生成AIが注目されて2年になろうとしているが、各メーカーがこぞって生成AIに関する技術を開発し、さまざまなサービスの提供を行おうと躍起になっている。サービスだけでなくハードウェアも進化しており、CPUもAI処理を可能にするプロセッサーも登場してきている。AIを処理するためには並列的に物事を処理する必要があり、これまでのCPUでは処理することが難しく高負荷になるため、画像処理用のGPUで代用することが多かった。そのためAI用に特化したNPU(Neural Processing Unit)を開発。CPUに内蔵することで、AI処理をより効率的に行えるようになってきている。

こうした動きを見て、マイクロソフトは生成AI技術として推進してきた「Copilot」を、Windows 11をはじめあらゆるところから呼び出せるようにしてきた。さらに一歩踏み込んで、快適にAI処理できるマシンに対して「Copilot+ PC」として認定し、AIを活用したアプリなどを積極的に投入していく戦略を打ってきている。ちなみに、Copilot+ PCは「コパイロットプラス・ピーシー」と読み、「コパイロット・プラス・ピーシー」ではないので注意したい。

マイクロソフトの資料によると、Copilot+ PCに認定されるためには、40 TOPS(Tera Operation Per Second)以上のNPUを搭載し、以下のプロセッサーを搭載したものとされている。

  • Qualcomm Snapdragon X Elite
  • インテル Core Ultra シリーズ2(開発コード名: Lunar Lake)
  • AMD Ryzen AI 300(開発コード名:Strix Point)

つまり、NPUを搭載した、例えばインテル Core Ultra シリーズ1(開発コード名: Meteor Lake)は、40 TOPSに満たないため、Copilot+ PCの対象外となる。ただ、シリーズ1も内蔵NPUによってAIを処理することに長けているので、AI機能を活用したアプリをより快適に扱える。

こうした中で、必要条件をいち早くクリアしたのが、ARMベースのQualcommのプロセッサーだ。ご存じのとおりQualcomm はスマホでは実績があるものの、パソコン用としてはそれほどでもない。その上AI機能を用いたアプリの搭載は秋以降のバージョンアップとされていたため、Copilot+ PCがあまり広く認知されてこなかった。

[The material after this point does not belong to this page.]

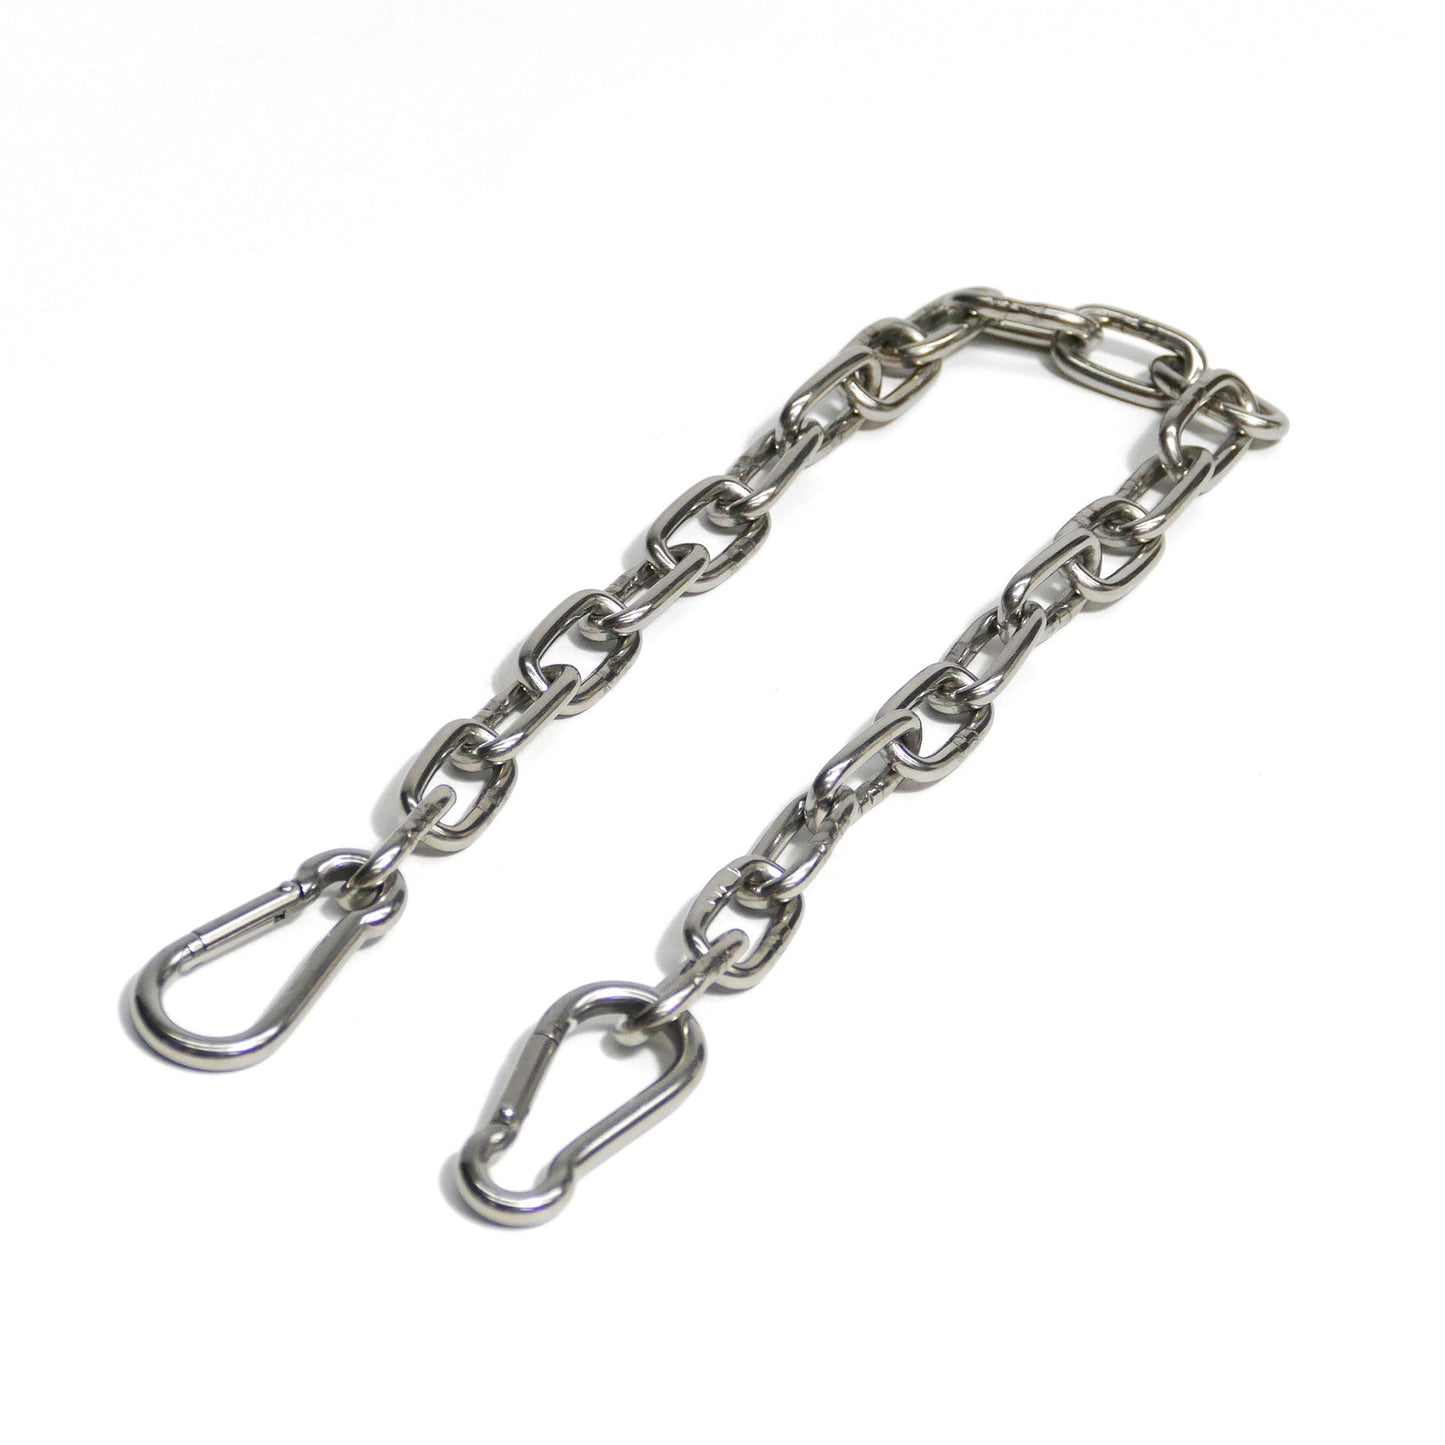 Stainless Steel Baby Hammock Chain

ところが、この秋からインテル Core Ultra シリーズ2搭載モデルが登場したことで、ここから広まりを見せていくことは確実だ。そのため、マシンを調達する情シスの人たちなどは、Copilot+ PCとはどんなものかということをしっかり把握しておくべきである。

レノボのCopilot+ PC「ThinkPad T14s Gen 6 Snapdragon」でAI機能を確認

レノボのCopilot+ PC「ThinkPad T14s Gen 6 Snapdragon」

ここからは、Qualcomm Snapdragon X Eliteを搭載した、レノボのCopilot+ PC「ThinkPad T14s Gen 6 Snapdragon」で、実際の動作を確認しながら、どんなことができるのかを紹介していこう。

まず、簡単にThinkPad T14s Gen 6 Snapdragonを紹介しよう。画面は14インチ2.8K(2880×1800ドット)のOLEDパネルを使用し、CPUにSnapdragon X Eliteを搭載。メモリーは最大64GB、内蔵ストレージが最大1TBとなっている。画面は、WUXGA(1920×1200ドット)のIPSパネルやマルチタッチのIPSパネルも選択でき、バッテリー駆動時間は公称約19.3時間となっている。

インターフェースはThunderbolt 4×2、USB Type-A×2、HDMI×1などを備え、Wi-Fi 7に対応。こうしたビジネスモバイルのモデルにもいち早くCopilot+ PCを投入してきていることから、ビジネスの現場では、NPUを内蔵したマシンが主流になってくることがうかがえる。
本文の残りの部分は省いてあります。